Structure of the Code

GPL Folder

The GPL folder primarily contains the code from the original GPL publication. It includes all the necessary scripts and tools for creating new queries, generating pseudo-labels, performing negative mining, and training new Sentence-Transformers, including those enhanced with LoRA.

Main Addition:

• toolkit/LoRA.py: This file is the main addition to the GPL folder. It introduces the new structure for training Sentence-Transformers enhanced with LoRA.
• To use this file, you need to modify the train.py script to utilize a LoRA-enhanced Sentence-Transformer instead of the original "simple" Sentence-Transformer as described in the original GPL publication and code.

Python Folder

The Python folder contains all the scripts and tools related to evaluating models, benchmarking, displaying results, and preparing data.

Key Scripts:

• Evaluation and Benchmarking: Scripts to evaluate the performance of trained models and compare benchmarks.
• Data Preparation: Various scripts to format and preprocess data correctly before it can be used with the GPL algorithm.
  • tsv_clean.py: A specific script needed when new data requires formatting after a GPL run. This is particularly useful since BEIR, the benchmarking library, was originally a Linux-based library.
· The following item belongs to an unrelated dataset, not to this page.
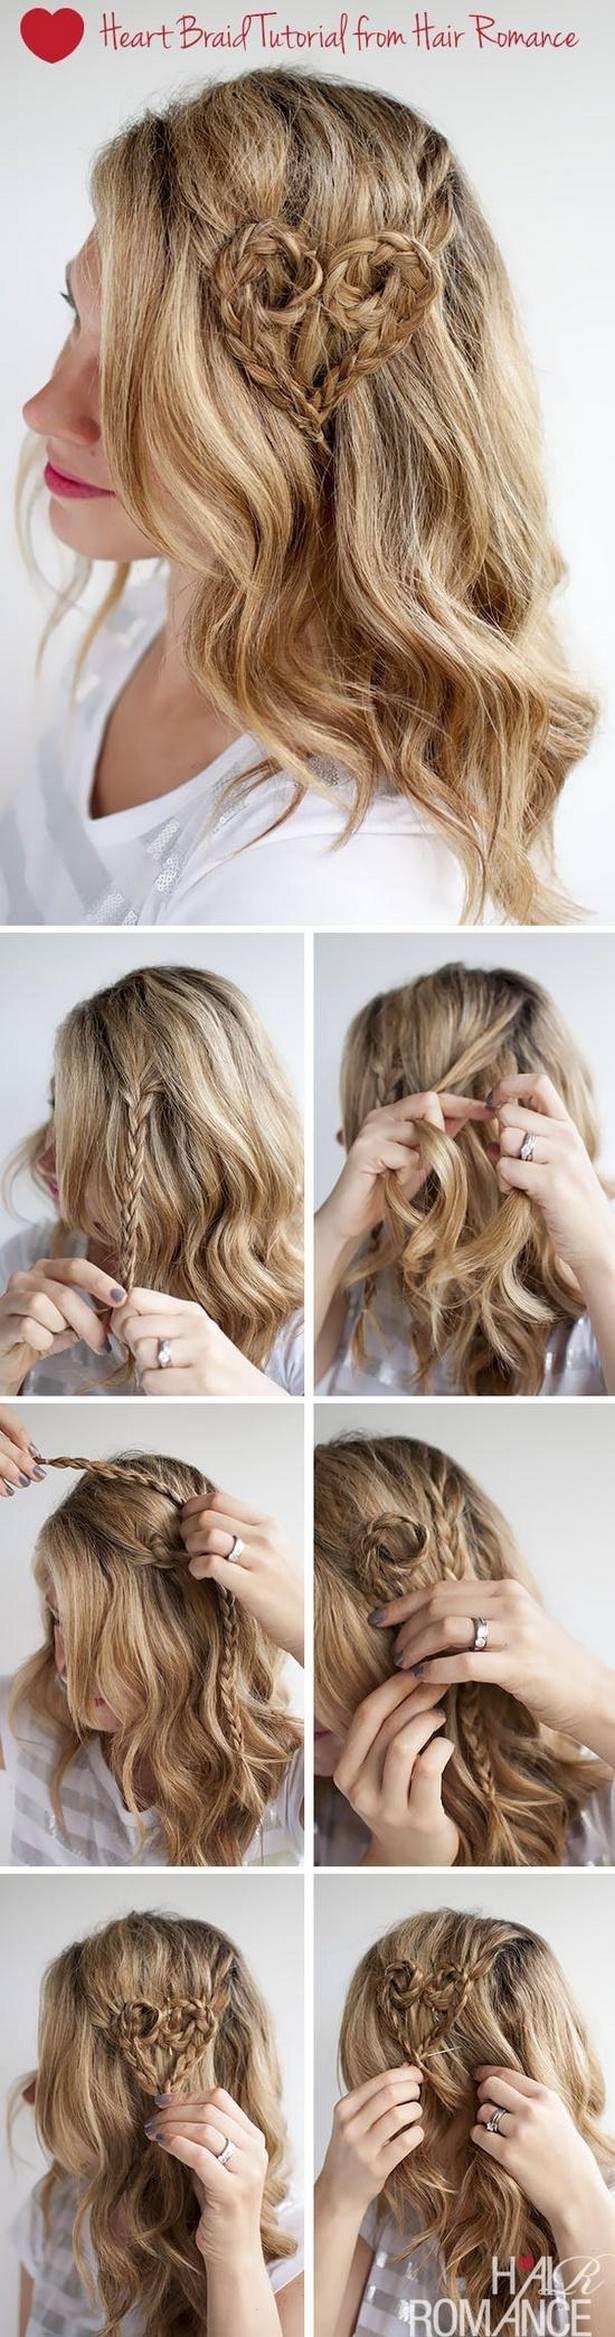 15-Fantastic-Tutorials-for-Stunning-Summer-Hairstyles-9.jpg 615×2,337 pixels

By organizing the code in this manner, we ensure that all processes from data preparation to model evaluation are streamlined and accessible. The additions and modifications made enhance the original GPL framework, enabling the integration of LoRA for improved Sentence-Transformer training.

For detailed instructions on how to run the scripts and use the new functionalities, please refer to the comments and documentation within each script.